Принятие вашего исходного подхода в максимально возможной степени (с использованием mapreduce)
from functools import reduce
import csv
def mapper(f):
" Select fields of input data"
while f:
customer, _, _, product, cost = f.rstrip().split(',')
return customer, product, cost
def reducer(acc, v):
" Used by reduce to generate dictionary of products by customer and revenue"
customer, product, cost = v
if not product in acc:
acc[product] = {}
if not customer in acc[product]:
acc[product][customer] = []
acc[product][customer].append(cost)
return acc
def create_row(results, product):
" Generate stats row for a product "
customers = results[product]
return {"Product":product,
"CustomerCount": len(results[product]),
"TotalRevenue": sum(float(cost) for customer, costs in customers.items() for cost in costs)}
with open('test.csv') as ifile:
next(ifile)
data = map(mapper, ifile)
# Generate results as a nested dictionary
results = reduce(reducer, data, {})
# List of products in alphabetical order
products = sorted(results.keys())
# Show results as CSV File
fieldnames = ["Product", "CustomerCount", "TotalRevenue"]

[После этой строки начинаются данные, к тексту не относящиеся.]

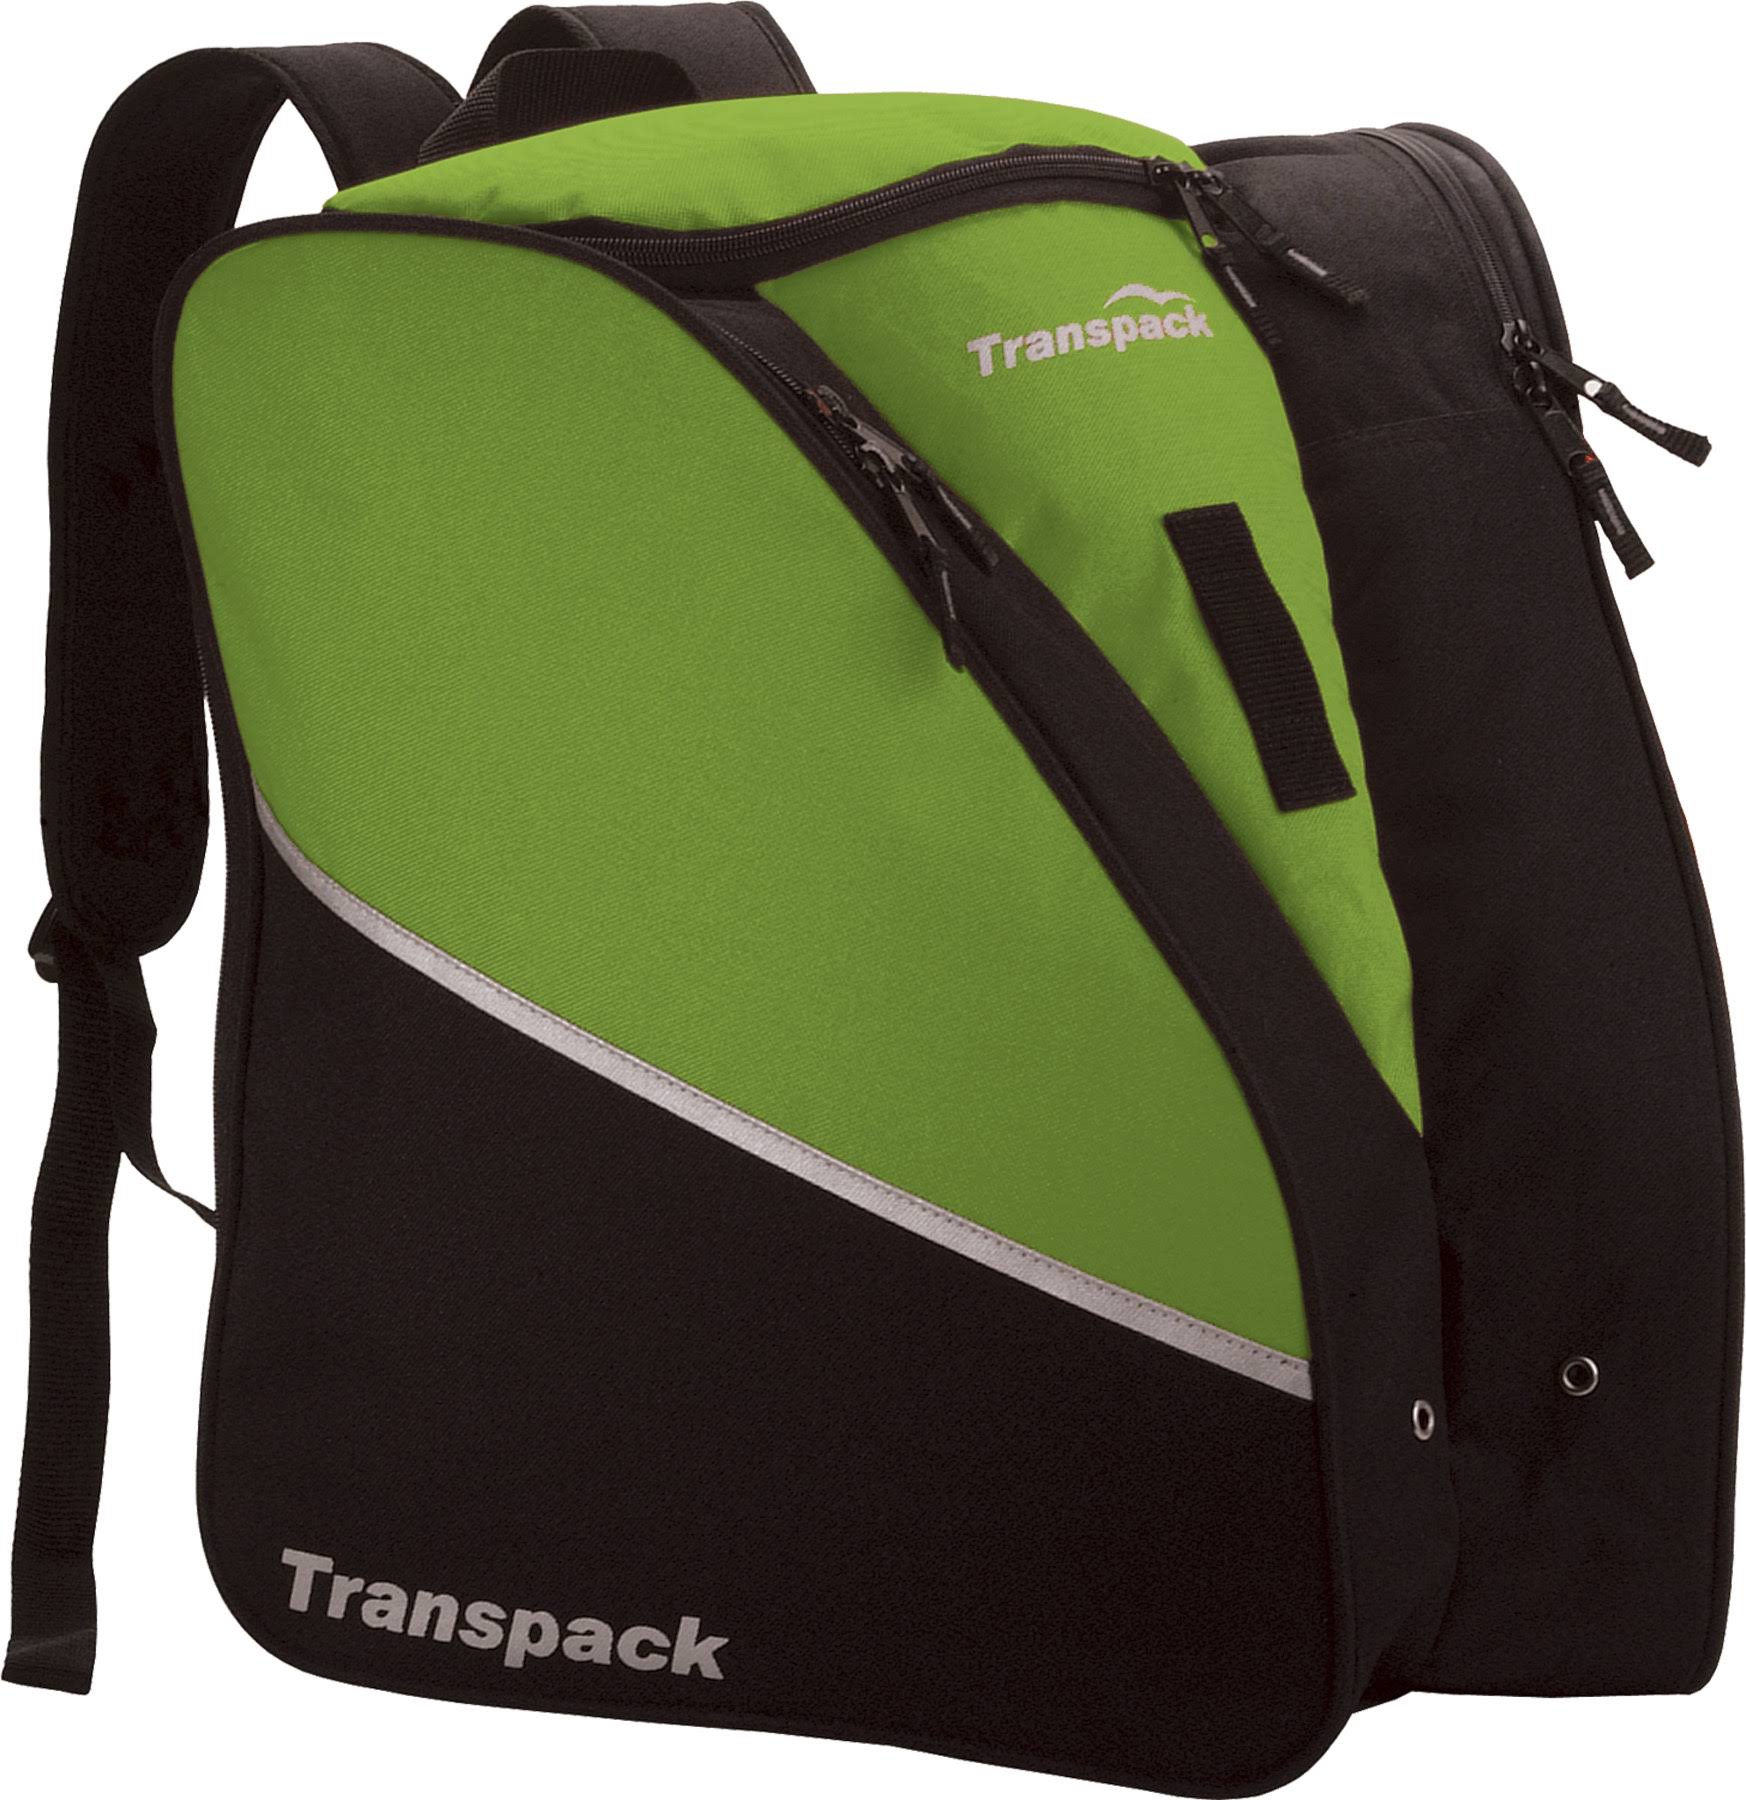 Transpack - Edge Jr Solid Boot Bag - Lime

with open("results.csv", "w") as ofile:
writer = csv.DictWriter(ofile, fieldnames=fieldnames)
writer.writeheader()
rows = map(lambda product: create_row(results, product), products)
writer.writerows(rows)
Тест
Входной файл
Customer, Transaction, Date, Product, Cost
X,1,02/02,A,10.99
X,1,02/02,B,4.99
X,2,04/02,A,9.99
Y,4,10/02,C,0.99
Y,5,03/03,D,13.99
Z,7,03/04,D,13.99
Z,9,07/05,B,5.99
Z,9,07/05,A,11.99
Выходной файл
Product, CustomerCount, TotalRevenue
A,2,32.97
B,2,10.98
C,1,0.99
D,2,27.98
Примечание: словарь результатов был
{'A': {'X': ['10.99', '9.99'], 'Z': ['11.99']},
'B': {'X': ['4.99'], 'Z': ['5.99']},
'C': {'Y': ['0.99']},
'D': {'Y': ['13.99'], 'Z': ['13.99']}}
Альтернативный подход с использованием Python Groupby
from itertools import groupby
with open('test.csv') as ifile, open('results.csv', 'w') as ofile:
next(ifile) # skip input file header
# Input Data as list of list
data = [line.rstrip().split(',') for line in ifile]
# Function key for sorting and grouping by product field in each sublist
keyfunc = lambda x: x[3] # product column
# Inplace sort
data.sort(key=keyfunc) # Sort by product
# Write Header
ofile.write('Product, CustomerCount, TotalRevenue' + '\n') # Header
# Process by grouping by product field
for product, g in groupby(data, keyfunc):
g = list(g)
customers = set(x[0] for x in g) # set of customers in current grouping
total_revenue = sum(float(x[4]) for x in g)
ofile.write(f'{product},{len(customers)},{total_revenue:.2f}\n')